First, it has a condition to infer that readability is very poor. No matter how it is implemented, what it does is the key. Let's split it up first:

public void Processonendofday (contract c) {if (Isoutdate (c)) {priorityhandling (c, Outdated_fee); notifyoutdated (c); Log.info ("outdated: {}", c);} else {if (sendnotifications) {notifypending (c);} Log.debug ("Pending {}", c);}} Private Boolean isoutdate (contract c) {return dateutils.adddays (c.getcreated (), 7).
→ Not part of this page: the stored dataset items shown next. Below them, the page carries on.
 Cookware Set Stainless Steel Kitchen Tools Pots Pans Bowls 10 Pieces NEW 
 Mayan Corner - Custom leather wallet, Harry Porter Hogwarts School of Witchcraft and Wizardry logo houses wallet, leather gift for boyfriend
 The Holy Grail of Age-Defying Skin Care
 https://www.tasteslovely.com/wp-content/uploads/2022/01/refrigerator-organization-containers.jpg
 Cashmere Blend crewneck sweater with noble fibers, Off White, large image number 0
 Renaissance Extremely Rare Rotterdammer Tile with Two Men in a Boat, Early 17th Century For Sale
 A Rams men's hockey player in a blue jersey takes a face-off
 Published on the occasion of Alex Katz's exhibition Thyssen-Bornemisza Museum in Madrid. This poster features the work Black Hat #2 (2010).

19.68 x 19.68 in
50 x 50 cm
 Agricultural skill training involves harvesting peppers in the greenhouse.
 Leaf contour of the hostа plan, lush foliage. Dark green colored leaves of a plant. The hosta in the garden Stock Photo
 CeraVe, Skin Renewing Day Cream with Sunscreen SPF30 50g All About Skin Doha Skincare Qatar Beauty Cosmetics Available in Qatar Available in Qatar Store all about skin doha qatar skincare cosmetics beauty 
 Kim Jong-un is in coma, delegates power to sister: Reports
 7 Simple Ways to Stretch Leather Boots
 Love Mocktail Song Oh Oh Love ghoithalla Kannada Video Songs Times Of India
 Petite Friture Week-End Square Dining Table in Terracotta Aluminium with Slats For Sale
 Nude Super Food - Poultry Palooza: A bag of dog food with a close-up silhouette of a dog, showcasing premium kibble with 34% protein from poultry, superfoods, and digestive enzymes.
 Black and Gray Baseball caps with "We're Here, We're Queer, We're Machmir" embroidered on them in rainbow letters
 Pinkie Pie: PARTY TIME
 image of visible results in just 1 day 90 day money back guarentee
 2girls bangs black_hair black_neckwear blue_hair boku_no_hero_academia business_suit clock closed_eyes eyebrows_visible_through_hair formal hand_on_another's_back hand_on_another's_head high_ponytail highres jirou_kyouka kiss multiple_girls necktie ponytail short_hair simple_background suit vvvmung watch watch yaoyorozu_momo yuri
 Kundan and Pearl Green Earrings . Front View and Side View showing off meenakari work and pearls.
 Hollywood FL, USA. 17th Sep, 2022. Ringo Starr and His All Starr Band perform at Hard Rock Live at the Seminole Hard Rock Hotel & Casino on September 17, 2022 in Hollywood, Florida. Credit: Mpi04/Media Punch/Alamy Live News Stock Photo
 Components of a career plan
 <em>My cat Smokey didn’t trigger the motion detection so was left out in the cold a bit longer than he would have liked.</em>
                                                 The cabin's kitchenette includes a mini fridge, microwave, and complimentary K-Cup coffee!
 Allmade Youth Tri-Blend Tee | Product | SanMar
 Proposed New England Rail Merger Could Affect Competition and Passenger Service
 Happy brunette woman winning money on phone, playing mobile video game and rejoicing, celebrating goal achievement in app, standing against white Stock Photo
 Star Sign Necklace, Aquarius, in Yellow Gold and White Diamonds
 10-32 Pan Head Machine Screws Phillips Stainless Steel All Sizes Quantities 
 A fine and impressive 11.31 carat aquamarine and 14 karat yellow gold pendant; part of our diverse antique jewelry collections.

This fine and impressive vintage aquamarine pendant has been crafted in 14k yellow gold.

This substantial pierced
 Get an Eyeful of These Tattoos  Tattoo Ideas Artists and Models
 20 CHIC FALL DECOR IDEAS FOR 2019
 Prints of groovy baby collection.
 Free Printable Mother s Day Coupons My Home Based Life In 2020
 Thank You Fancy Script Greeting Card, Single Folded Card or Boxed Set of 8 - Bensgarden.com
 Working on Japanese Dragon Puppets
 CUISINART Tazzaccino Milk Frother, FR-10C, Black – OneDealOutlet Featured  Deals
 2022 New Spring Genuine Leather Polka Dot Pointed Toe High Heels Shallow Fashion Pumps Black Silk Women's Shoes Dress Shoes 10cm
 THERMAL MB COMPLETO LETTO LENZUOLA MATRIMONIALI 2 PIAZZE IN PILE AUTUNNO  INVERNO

Before (new Date ());}

Obviously, this approach should not be put here:

public void Processonendofday (contract c) {if (C.isoutdate ()) {priorityhandling (c, Outdated_fee); notifyoutdated (c); Log.info ("outdated: {}", c);} else {if (sendnotifications) {notifypending (c);} Log.debug ("Pending {}", c);}}

Notice what's different? My IDE changed the Isoutdated method to an example of contract, which is just decent. It's just that I'm still upset. This method of doing is too miscellaneous. A branch handles business-related logic priorityhandling, as well as sending system notifications and logging. There is also a branch that makes system notifications based on inferred conditions and logs at the same time. We first split the processing of overdue contracts into a separate method.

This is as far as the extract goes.